Он смотрел на меня так трогательно и виновато, и в неясном свете, несмотря на глубокие морщины у рта, он снова казался мальчишкой, которого я знала. Я видела, как этот мальчишка жалел, что всё рассказал копам. Эта история позволяла хоть ненадолго обратить его боль в героизм, и я видела, отчего ему так этого хотелось. Он так и остался мальчишкой. Ни жены, ни детей, только машины, гитары и конопля. Всё такой же очаровательный. Интересно, думала я, есть ли доля моей вины в том, что Тиг так и не вырос. Если бы он закончил Брайтон, колледжи всей страны поборолись бы за этого гениального математика. У него могла бы быть семья. Он мог бы проектировать новые машины, а не чинить старые.
— Почему тебе стыдно? — спросила я. — Всё честно. Ведь это я виновата, Тиг.
Он резко встряхнул головой.
— Блин, Смифф, хватит, — сказал он. — Не было виноватых. Только два глупых ребёнка, совершивших большую ошибку. Один из них поплатился, потому что очень любил другого.
— Ты? — спросила я. Потому что я должна была спросить. Та девочка, которой я была когда-то, девочка, изголодавшаяся по любви, настойчиво требовала ответ.
Он улыбнулся.
— Конечно. Когда я перешёл в Брайтон, Господи, как же мне было паршиво. Как одиноко. Ещё хуже, чем до Брайтона. Ну то есть у меня были друзья, подружки, мамаша. Но не было никого, кто был бы похож на тебя. Конечно, я тебя любил. Но всё равно предал. Я столько лет ждал, чтобы попросить прощения.
Это было очень трогательно, но нечестно.
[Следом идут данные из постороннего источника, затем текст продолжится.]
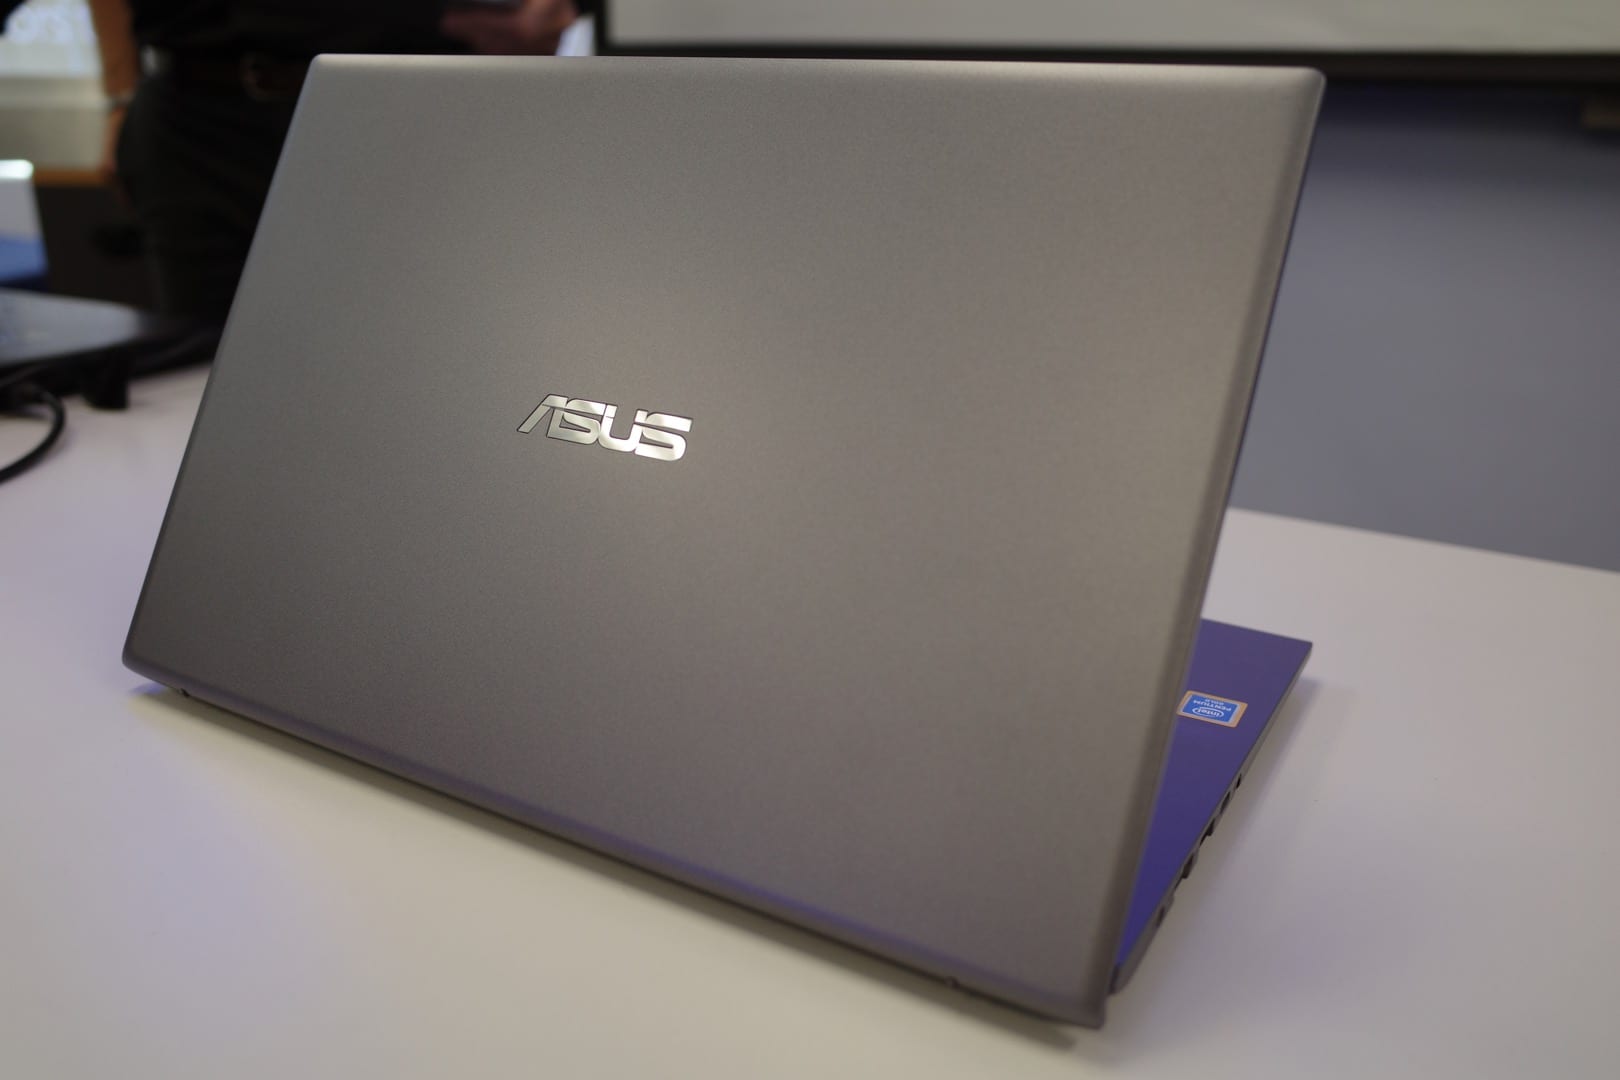 Asus เปิดตัว Vivobook 14 โน้ตบุ๊กพร้อม SSD, Windows 10 หนัก 1.5 กก. ราคาแค่ 12,990 บาท!

Он ведь всего лишь сказал правду.
Я подалась вперёд.
— Нет, это я должна просить прощения. Ты ни в чём не виноват. Только я.
Мы смотрели друг на друга нежно, очень нежно, и я ощущала то самое всепрощение, какое пыталась купить семь лет назад. Теперь же я приехала сюда и увидела, что оно ждало меня с самого начала. Ждало все эти годы.
Он тоже подался вперёд. Совсем чуть-чуть, но я поняла — это предложение. Для той пятнадцатилетней девочки, которая всё ещё жила во мне. Той девочке достался лучший в мире первый поцелуй. Самый лучший. Но всё, что случилось потом, высосало всю его красоту, разрушило его, превратило в нечто постыдное. Стыд громоздился на стыд, но неважно, что эта девочка совершила потом. Тот поцелуй она заслужила. Тогда она ещё не сделала ничего плохого. Пока.
Мне захотелось вернуть этот миг, переиграть заново. Если я склонилась бы ближе, наши губы встретились бы. Я видела это во взгляде Тига, в наклоне плеч. Я понимала — речь не о настоящей любви. Не о том, чтобы разрушить мою семью и восстановить во имя прежней, другой жизни. Только о настоящем. Сегодняшнем. Сиюминутном.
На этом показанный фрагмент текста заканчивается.